映画『万引き家族』を観て(ネタバレあり)
(注意)ネタバレあり
カンヌ映画祭でパルムドールを受賞した「万引き家族」をみた。
私は、是枝監督の映画は、
「歩いても歩いても」
「そして父になる」
2本しか観てないけど、
その2本とも「家族とはなんぞや」というテーマで、観る者の心をエグってくる。
それも、テーマをゴリゴリに押し付けることなく、自然な描写で、静かに心をエグってくる。
本作も同様に、静かで淡々とした展開なのだが、児童虐待、年金詐欺といった現代社会の忌まわしき事件を背景に、不穏な空気が流れ、なんとも言えないやるせなさが心を突いてくる。
登場人物の背景などの説明が全くないから、脳はそれを補うために、画面・セリフに集中し、想像力が掻き立てられる。
是枝監督の映画は、観客に行間を読まさせる。
物語が進行する中、登場人物の会話、仕草、画面の様子から、徐々にいろいろなことが判明する。
最初、私は、リリー・フランキー演じる男の目線からこの家族に良い感情を持って物語に没入した。

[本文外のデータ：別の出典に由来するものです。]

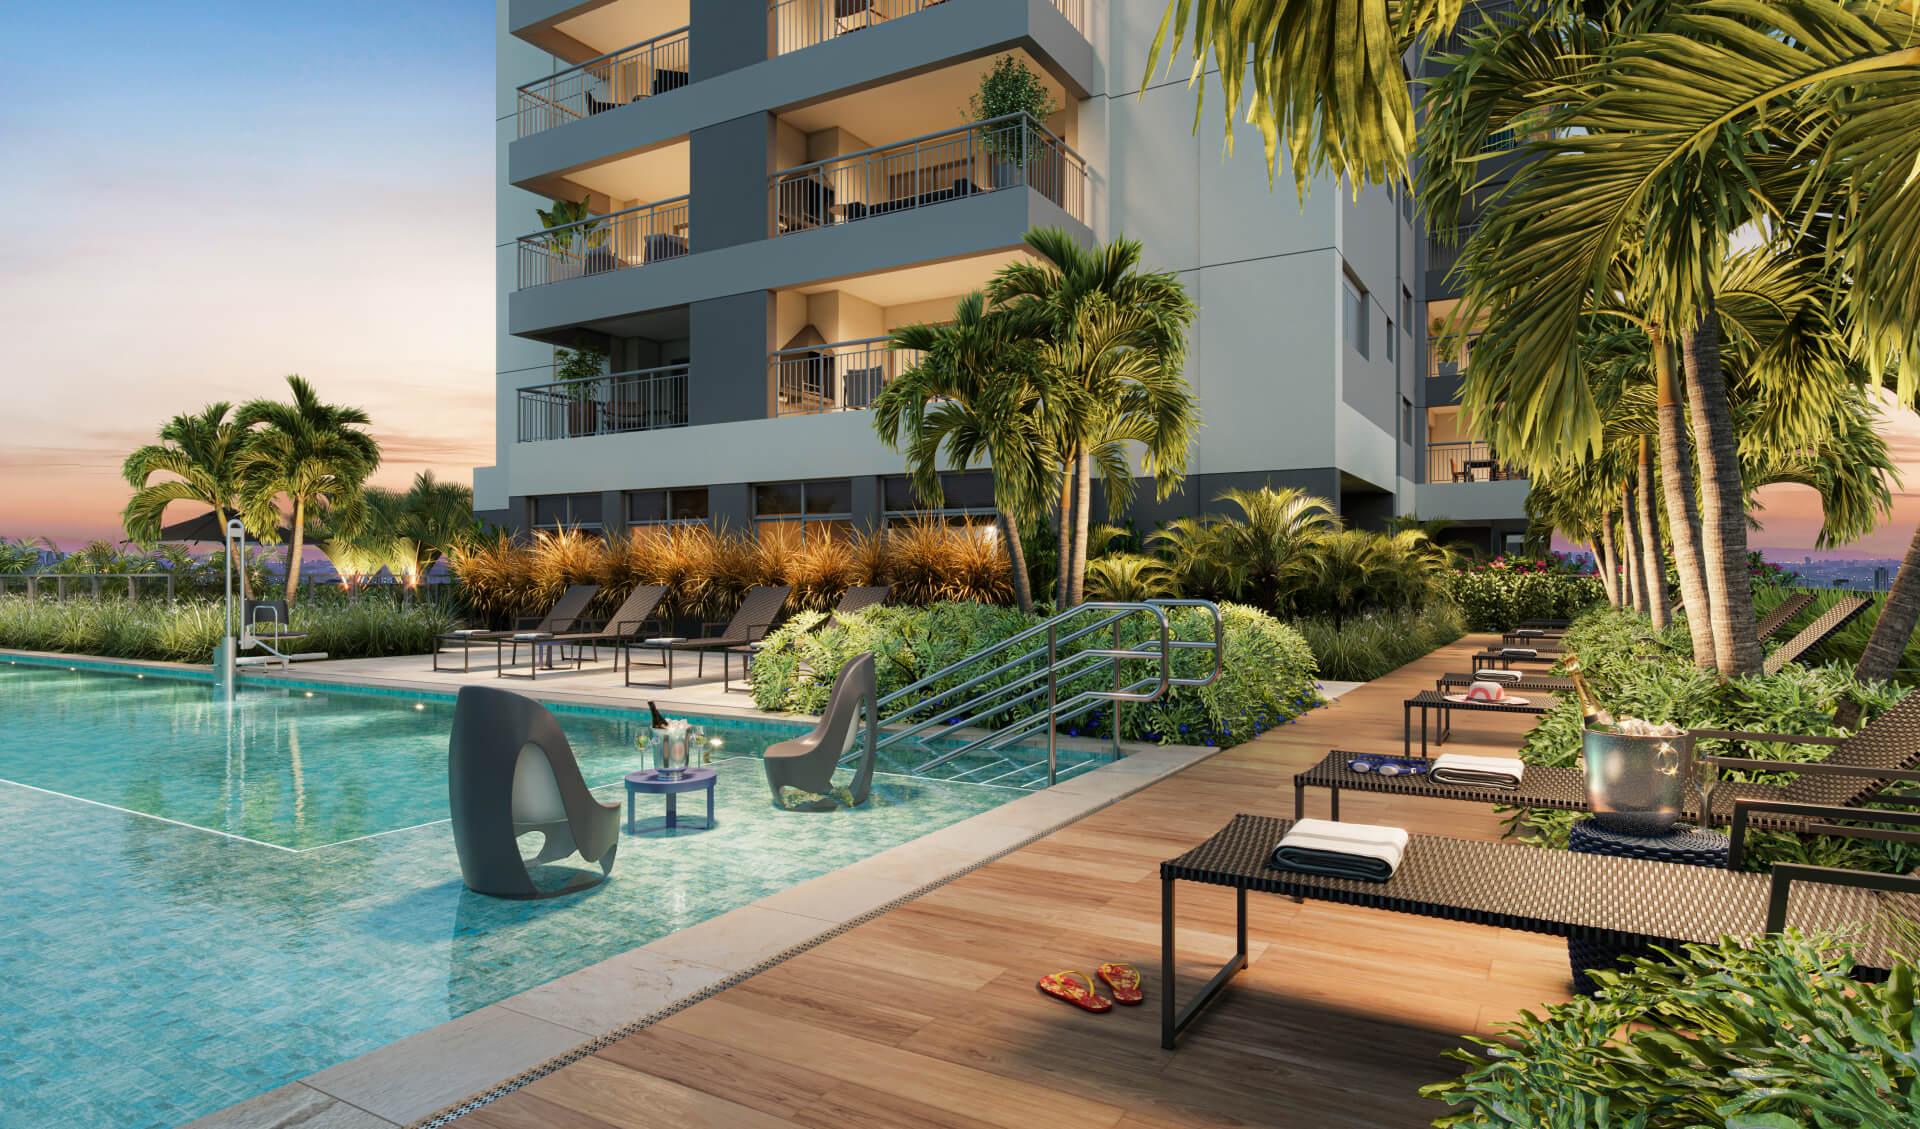 Dream View Sky Resort, foto 5

後半、ある真実がわかった途端に、私の脳は善悪の二次元論で語れないことに混乱した。
結局、この物語の真相の全ては明確に提示されず、観客に委ねられる。
映画中盤で冗談っぽく、リリーフランキー演ずる男が、万引き家族は「お金で繋がった関係」だと言う。その時は冗談だと気に留めてなかったあの台詞が伏線となって、後半で色々とグッとくる。お婆さんも、その他の人たちも、結局はお金だったのか、いや違うとか、心をかき乱される。

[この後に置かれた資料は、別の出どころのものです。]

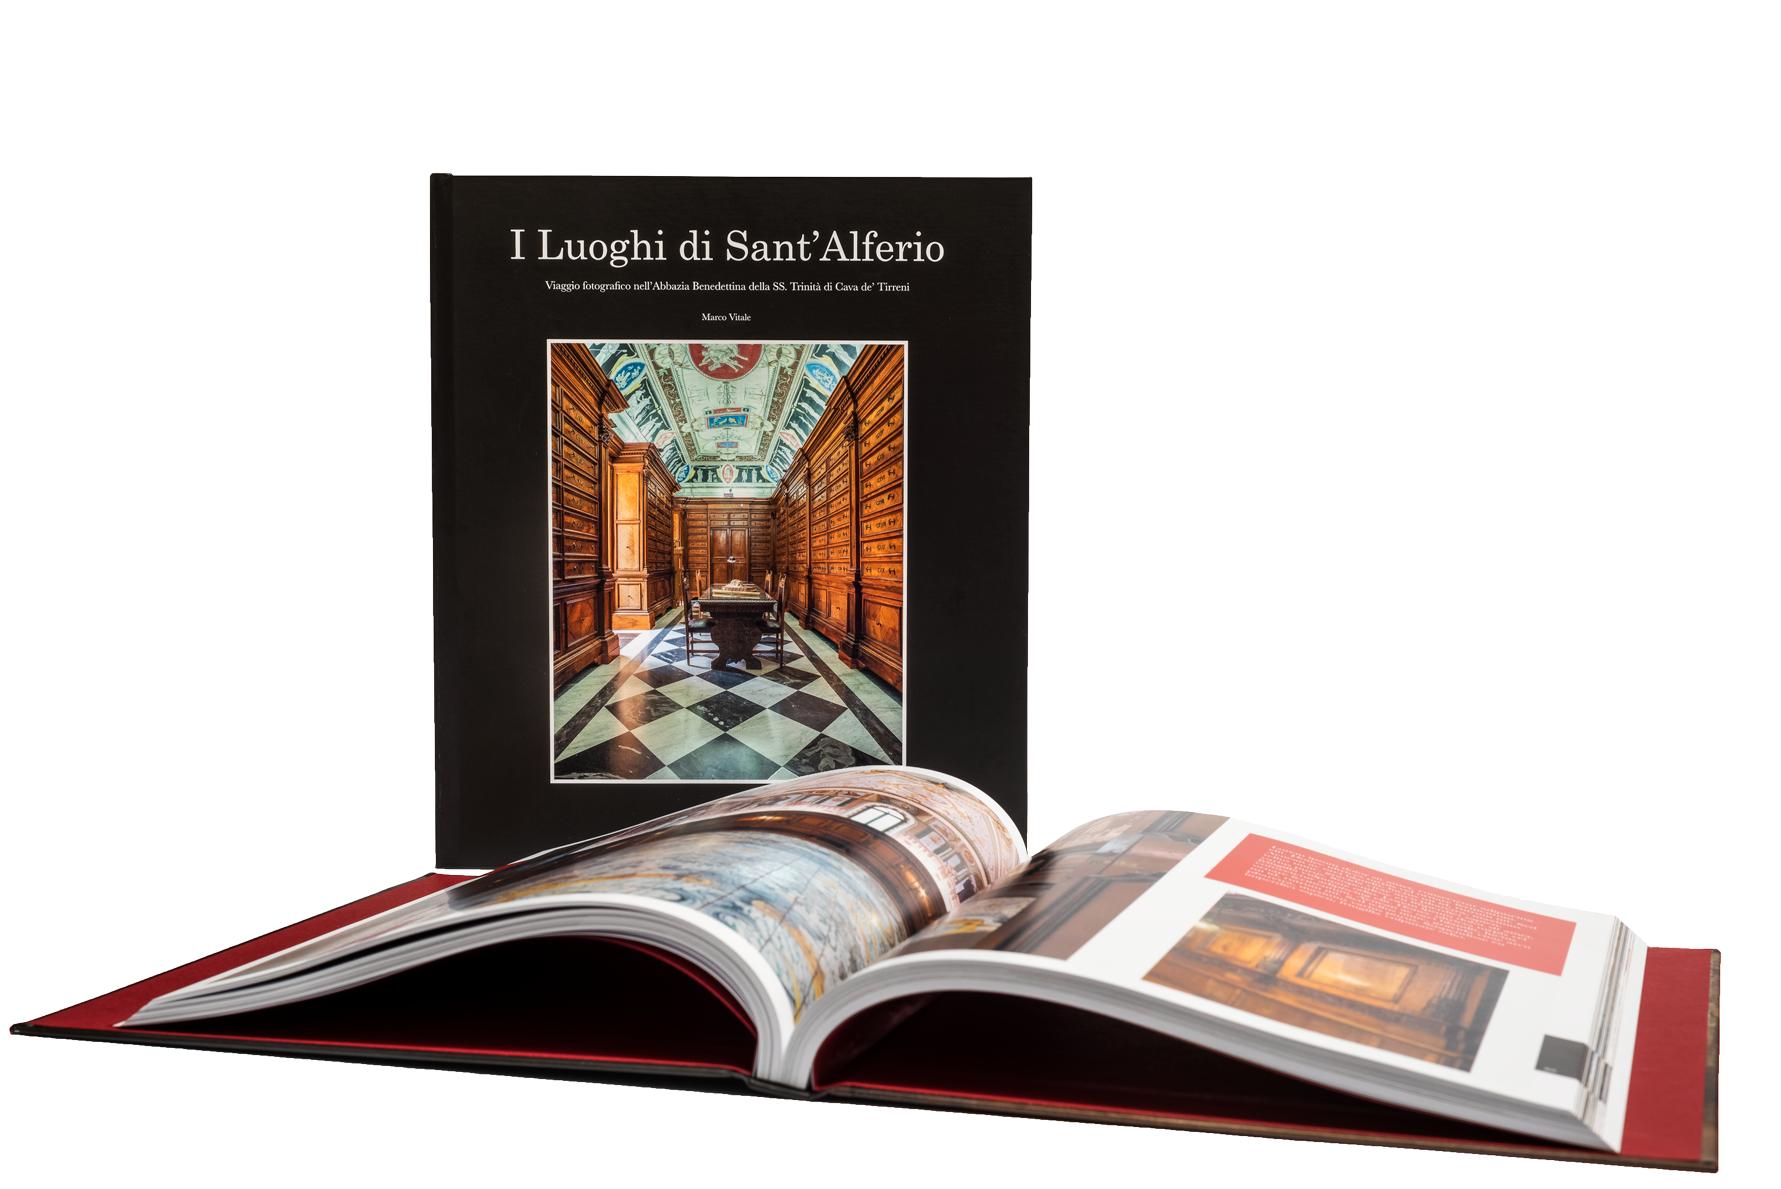 Libro fotografico sugli ambienti dell'Abbazia Benedettina

万引き家族は、弱い者たちが寄り添い、お金でつながれている疑似家族だったにかもしれないけど、実の家族以上に幸福だったように見えた。
だが、その幸福は永遠には続かない、いつかは壊れる脆いものだと、万引き家族の少年は心で理解してたのだろうか。
少年は、ある行動をとって家族を崩壊させ、それをリリーフランキー演じる男に告白する。告白後の毅然とした態度が男にとって残酷なシーンだったが、過去と決別し自分の未来を生きることを選択した少年の毅然とした態度に希望を感じた。未来は子供達の手にあるものだと。
そしてもう1人の子供はどうだったのか。
少年とは対照的に、少女は再び虐待のある救いようのない現実に戻ったかのように見える。
少女は何かに気づくが、映画は唐突にそこでプツリと終わる。
彼女の目には何が見えたのだろうか。
僕は、希望が見えたと思いたい。